### DATA TO USE
-------
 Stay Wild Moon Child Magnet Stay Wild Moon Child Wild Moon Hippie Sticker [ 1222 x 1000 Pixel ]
-------
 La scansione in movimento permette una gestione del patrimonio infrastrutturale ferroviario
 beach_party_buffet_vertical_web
-------
### HOW TO COMPLETE THIS TASK
In the entries above, restate word for word the lines between the one holding "La scansione in" and the one holding "beach_party_buffet_vertical_web", inclusive, and nothing besides.

### YOUR SOLUTION
 La scansione in movimento permette una gestione del patrimonio infrastrutturale ferroviario
 beach_party_buffet_vertical_web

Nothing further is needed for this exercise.